Indirect matches (vulnerabilities affecting the upstream packages) are sometimes too broad

Hello,

I want to ask about upstream matches in Grype. Currently Grype results seem to
include all vulnerabilities affecting the upstream package. For example,
python-perf package with upstream of kernel includes all vulnerabilities
affecting the kernel, and php8.3-xml includes all vulnerabilities of php8.3:

grype 'pkg:rpm/centos/python-perf@3.10.0-1160.119.1.el7?arch=x86_64&distro=centos-7&upstream=kernel-3.10.0-1160.119.1.el7.src.rpm'
#  ✔ Scanned for vulnerabilities     [3639 vulnerability matches]
#    ├── by severity: 0 critical, 14 high, 2318 medium, 1294 low, 13 negligible
#    └── by status:   0 fixed, 3639 not-fixed, 0 ignored

grype 'pkg:deb/ubuntu/php8.3-xml@8.3.0-ubuntu0.24.04.5?distro=ubuntu-24.04&upstream=php8.3' -o json | grype explain --id CVE-2025-1219
#       Match explanation(s):
#           - ubuntu:distro:ubuntu:24.04:CVE-2025-1219 Indirect match; this CVE is reported against php8.3 (version 8.3.0-ubuntu0.24.04.5), the origin of this deb package.

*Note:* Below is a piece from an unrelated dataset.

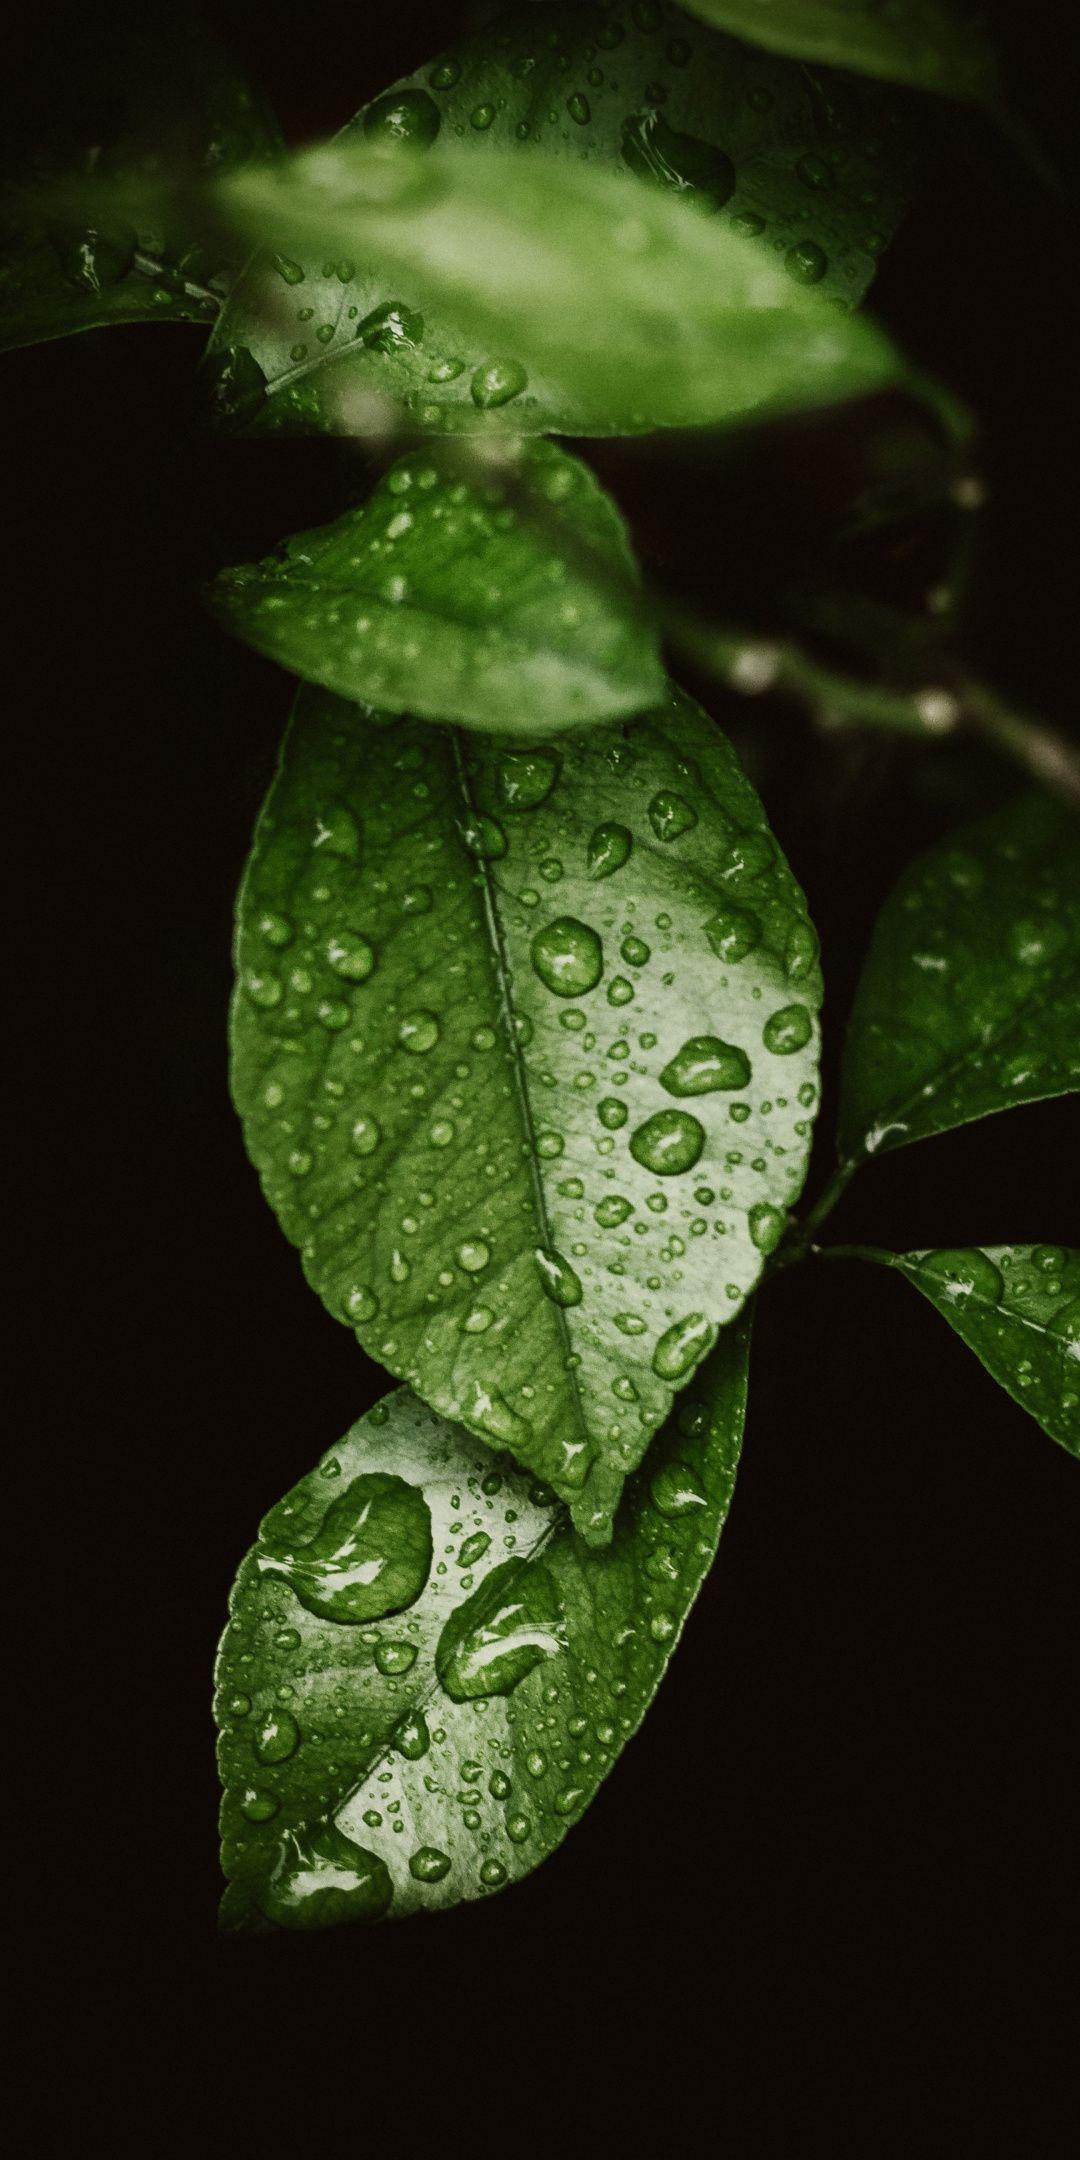 1080x2160 Drops On Leaf Macro Wallpaper Leaf Photography Water Droplets Photography Nature Wallpaper

Certainly python-perf doesn’t include all vulnerabilities from the kernel, and
php8.3-xml doesn’t include all vulnerabilities from php8.3.

Specifying upstream packages is necessary – Grype just needs it to work
correctly. But sometimes it produces many false positives and a ton of
vulnerable packages affected by the same CVE (every php8.3-anything would
share all vulnerabilities with the upstream php8.3 package).

So the question is, to you as devs and to the broader community, how do you deal
with that situation? We cannot turn upstream matching off, but keeping it on
produces FPs, maintaining a list of exceptions would be a Herculean task.

Thanks for your thoughts.

I certainly have to agree with your assessment that python-perf upstream of kernel is probably not going to result in an accurate set of vulnerabilities and similar for php8.3-xml. The challenge is that we do need to use upstream in some cases: openssl, for example, I believe is upstream of many libs which embed it and results in valid vulnerabilities.

I think we’re definitely open to improving this, I’m just not clear how yet. Without digging in too much, I could think of a couple possibilities that we could investigate:

  • having some sort of data set in GrypeDB that flags certain upstreams as too broad?
  • inspecting the type of the upstream if it’s a library like openssl, include it, but not if it’s distributed separately? I’m not entirely sure how to determine this…

Any change here will require some research to determine the impact to matching. Suggestions here are welcome, keeping in mind that many of the upstreams are important to use!

This seems like a good thing to bring up with the team during our livestream – I’ll try to remember to add it next week :+1:

I think the approach needs to be the opposite -

most of the time the upstream provides lots of FP. In some specific cases it does provide some relevant CVEs like openssh.

so I think the approach needs to be like in the CPE dictionary, white list when to use upsteam.

I disagree that matching by upstream is useless most of the time. If my understanding is correct, CVEs are published against upstream packages, but Linux distributions often rename or split upstream packages. So to correctly map CVEs to packages, Grype needs the upstream information.

So without upstream matches we would get only vulnerabilities from security trackers of distributions and their quality varies.

hi!

high percentage of the CVEs are coming from kernel or linux kernel which is not accurate. Basing the vulnerabilities on NVD results causing lots of noise and FP, which makes it difficult to focus on the relevant CVEs (from my experience)

in VM machines (like ec2) results were too noisy

By the way, it is possible to filter out all indirect matches (matches based on upstream) with a Grype config option. It isn’t documented very well (see the GitHub issue) but it is there for you.